Masalah pertama, para ibu di bawah umur ini biasanya masih sangat mengandalkan arahan dan informasi dari keluarga, terutama orangtua kandungnya. Malah banyak ibu di bawah umur yang menyerahkan perawatan bayinya kepada keluarganya. Jika nenek si bayi berhasil menyusui, maka kemungkinan besar sang nenek juga bisa mengarahkan si ibu muda untuk sukses menyusui. Namun jika sebaliknya, maka kemungkinan gagal menyusui juga menjadi lebih besar. Ketika sang ibu muda tidak pernah menyaksikan anggota keluarganya menyusui, maka niatnya untuk menyusui juga lebih rendah [4]. Kenyataannya, tak jarang ibu muda ini sama sekali belum pernah melihat ada anggota keluarganya yang menyusui. Tidak ada role model ibu menyusui di dalam keluarganya. Breastfeeding is not a family norm.

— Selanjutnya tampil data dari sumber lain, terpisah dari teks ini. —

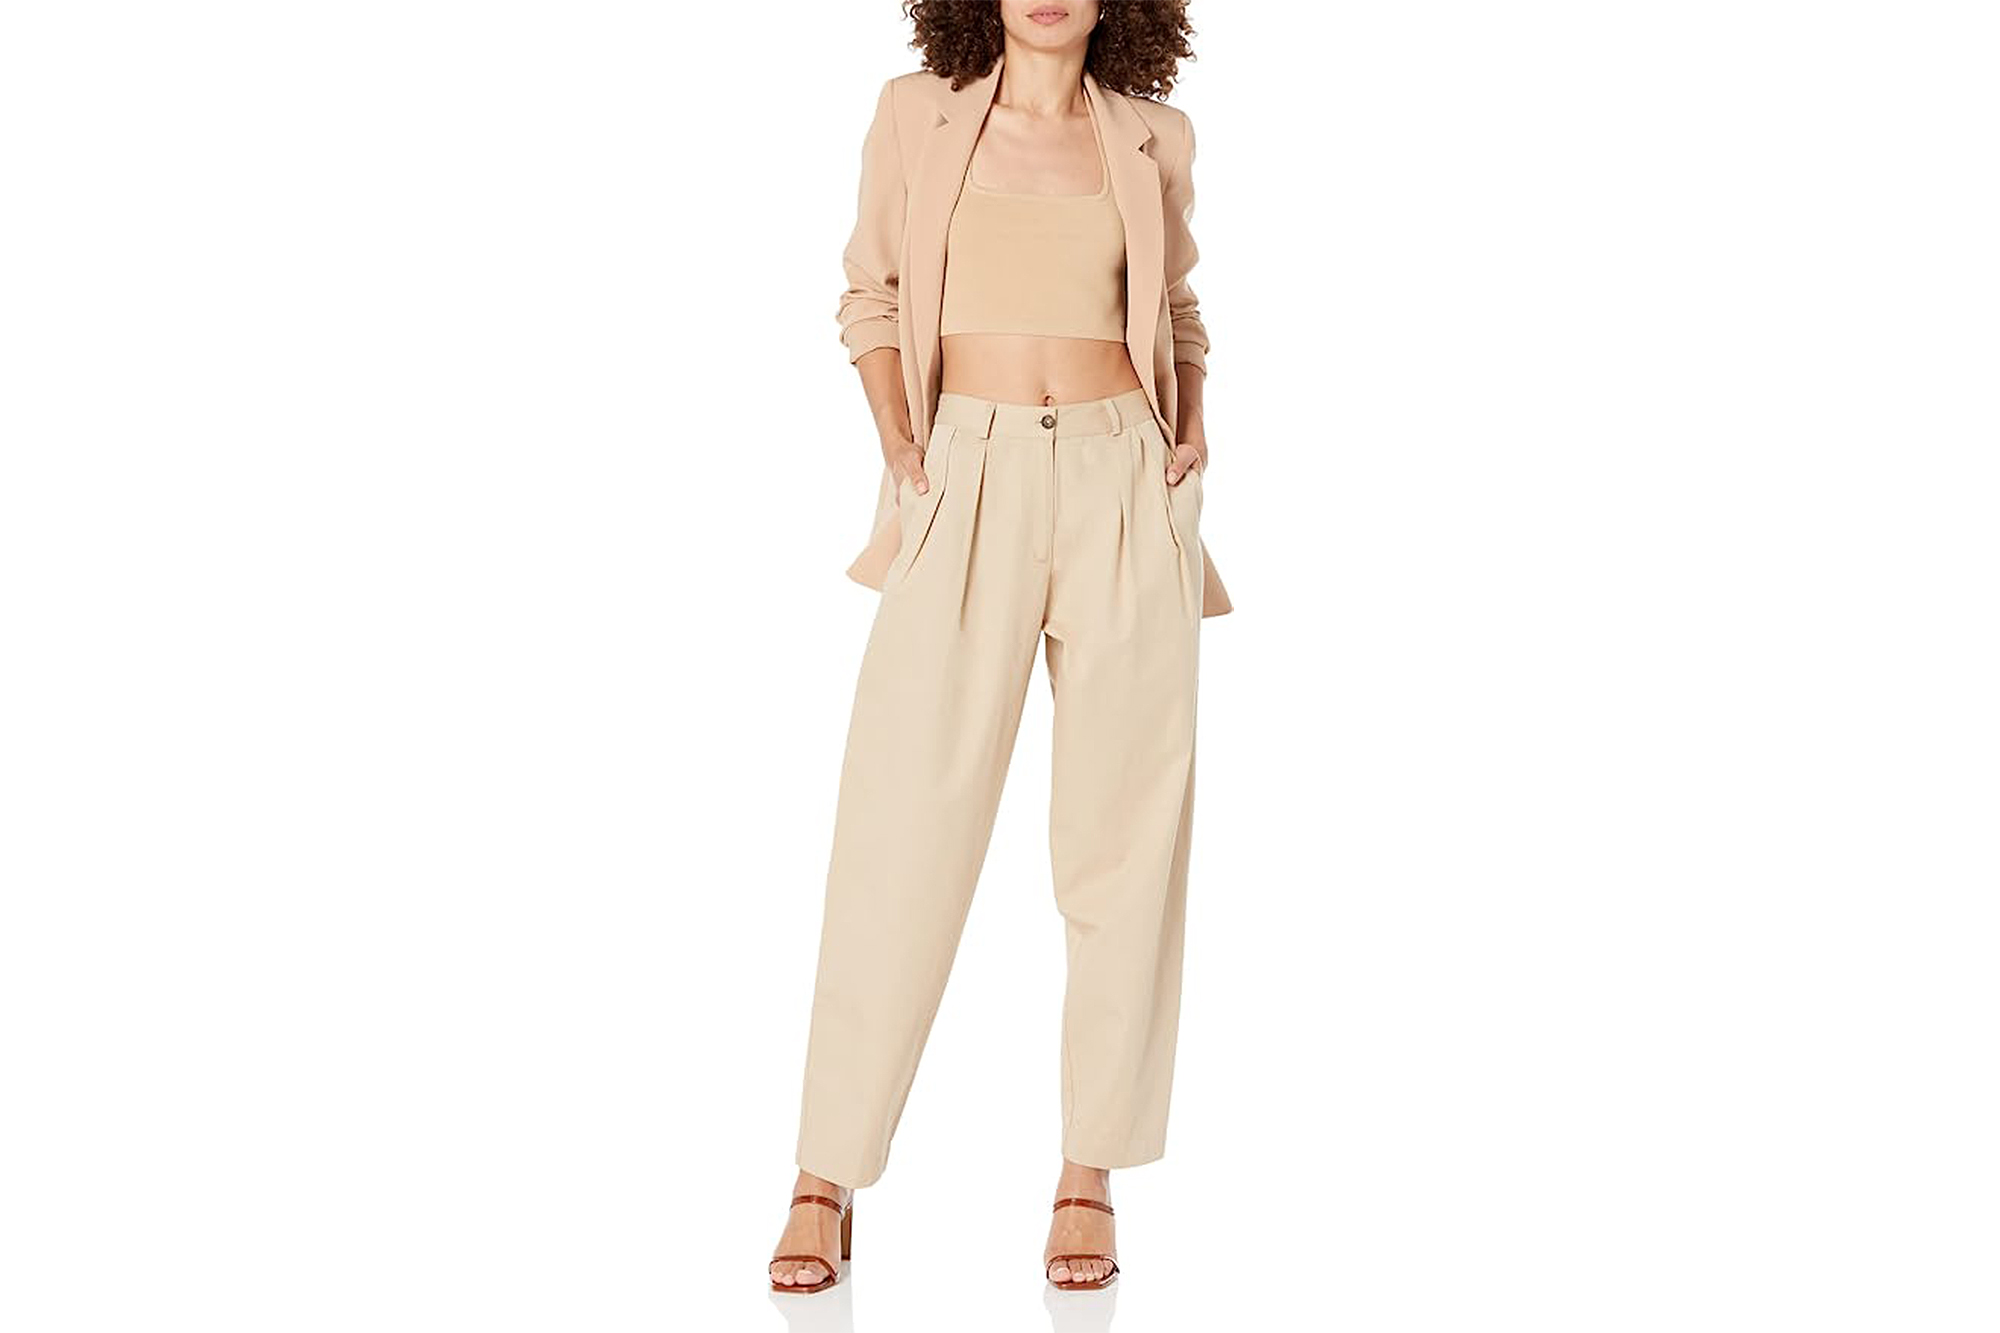 The Drop High-Waisted Pants Will Make You Feel Confident

Menyusui bukanlah sebuah norma yang wajar dalam keluarga, sehingga memberikan formula dianggap sebagai satu satunya pilihan yang wajar. 

Masalah kedua, umumnya pada ibu muda dan pasangannya belum memiliki kemampuan dan inisiatif untuk menyaring informasi yang tepat, termasuk mengenai menyusui dan kesehatan bayi. Sehingga inisiatif untuk bertemu tenaga kesehatan dan konselor menyusui atau mengikuti kelas persiapan menyusui juga menjadi lebih rendah. Ibu di bawah umur seringkali masih malu dan ragu mencari informasi. Bukan hanya tidak tahu mesti bertanya ke siapa, tapi mendatangi fasilitas kesehatan bukanlah sesuatu yang mudah bagi mereka. Para pasangan muda ini seringkali luput dari target sosialisasi menyusui. Kita tidak bisa berharap mereka sukarela duduk berbicara dari hati ke hati dengan konselor menyusui atau menghadiri sesi sosialisasi/kelas persiapan menyusui. Hadir di sesi sharing menyusui yang dihadiri para pasangan yang berbeda usia dengan mereka juga dapat menjadi tekanan psikologis tersendiri. Kelihatan hamil oleh publik di usia sangat muda sudah merupakan tekanan berat bagi para ibu di bawah umur. Apalagi kemudian mesti menyusui kapanpun di manapun. Stigma negatif lingkungan menambah tekanan bagi mereka untuk mendapatkan dukungan yang diperlukan. Jadi walaupun akses layanan kesehatan dan konseling sudah tersedia dalam jangkauan sekalipun, namun belum termanfaatkan secara optimal oleh kelompok ini.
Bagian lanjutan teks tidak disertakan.